FIG. 1 is a block diagram of selected elements of an embodiment of an information handling system for enhanced data reliability using solid-state memory-enabled storage devices;

FIG. 2 is a block diagram of selected elements of an embodiment of a storage architecture associated with enhanced data reliability using solid-state memory-enabled storage devices;

FIG. 3 is a block diagram of selected elements of an embodiment of a storage resource for enhanced data reliability using solid-state memory-enabled storage devices;

FIG. 4 is a flowchart depicting selected elements of an embodiment of a method for enhanced data reliability using solid-state memory-enabled storage devices; and

FIG. 5 is a flowchart depicting selected elements of an embodiment of a method for enhanced data reliability using solid-state memory-enabled storage devices.

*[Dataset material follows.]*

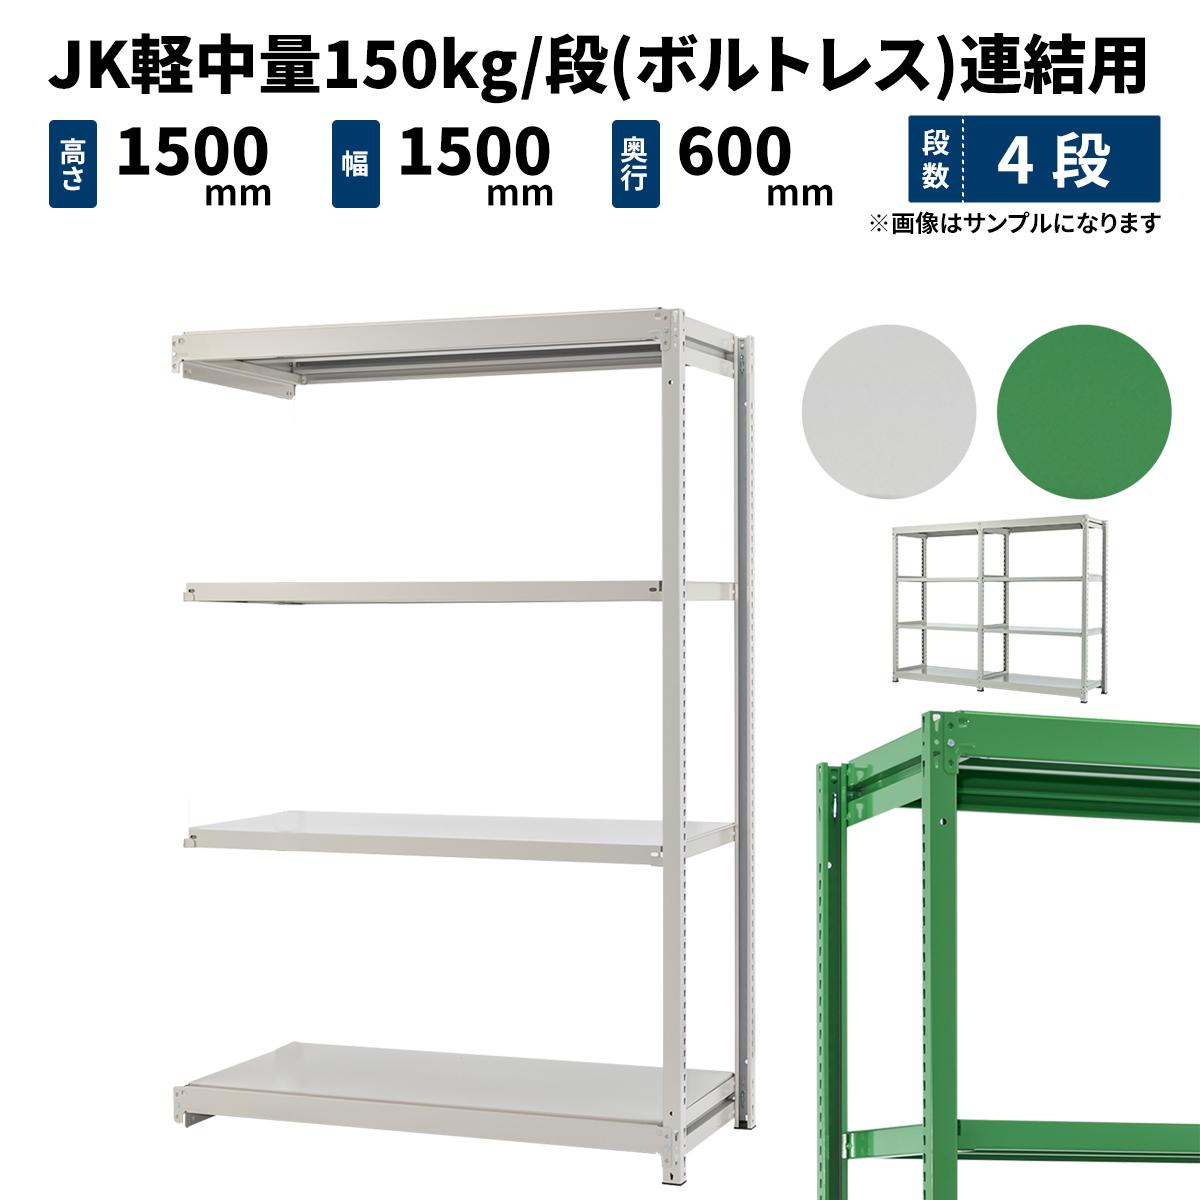 スチールラック 業務用 JK軽中量150kg/段(ボルトレス) 連結形式 高さ1500×幅1500×奥行600mm 4段 ホワイトグレー/グリーン (42kg) JK150_R-151506-4

DESCRIPTION OF PARTICULAR EMBODIMENT(S)

In the following description, details are set forth by way of example to facilitate discussion of the disclosed subject matter. It should be apparent to a person of ordinary skill in the field, however, that the disclosed embodiments are exemplary and not exhaustive of all possible embodiments.

For the purposes of this disclosure, an information handling system may include an instrumentality or aggregate of instrumentalities operable to compute, classify, process, transmit, receive, retrieve, originate, switch, store, display, manifest, detect, record, reproduce, handle, or utilize various forms of information, intelligence, or data for business, scientific, control, entertainment, or other purposes. For example, an information handling system may be a personal computer, a PDA, a consumer electronic device, a network storage device, or another suitable device and may vary in size, shape, performance, functionality, and price. The information handling system may include memory, one or more processing resources such as a central processing unit (CPU) or hardware or software control logic. Additional components or the information handling system may include one or more storage devices, one or more communications ports for communicating with external devices as well as various input and output (I/O) devices, such as a keyboard, a mouse, and a video display. The information handling system may also include one or more buses operable to transmit communication between the various hardware components.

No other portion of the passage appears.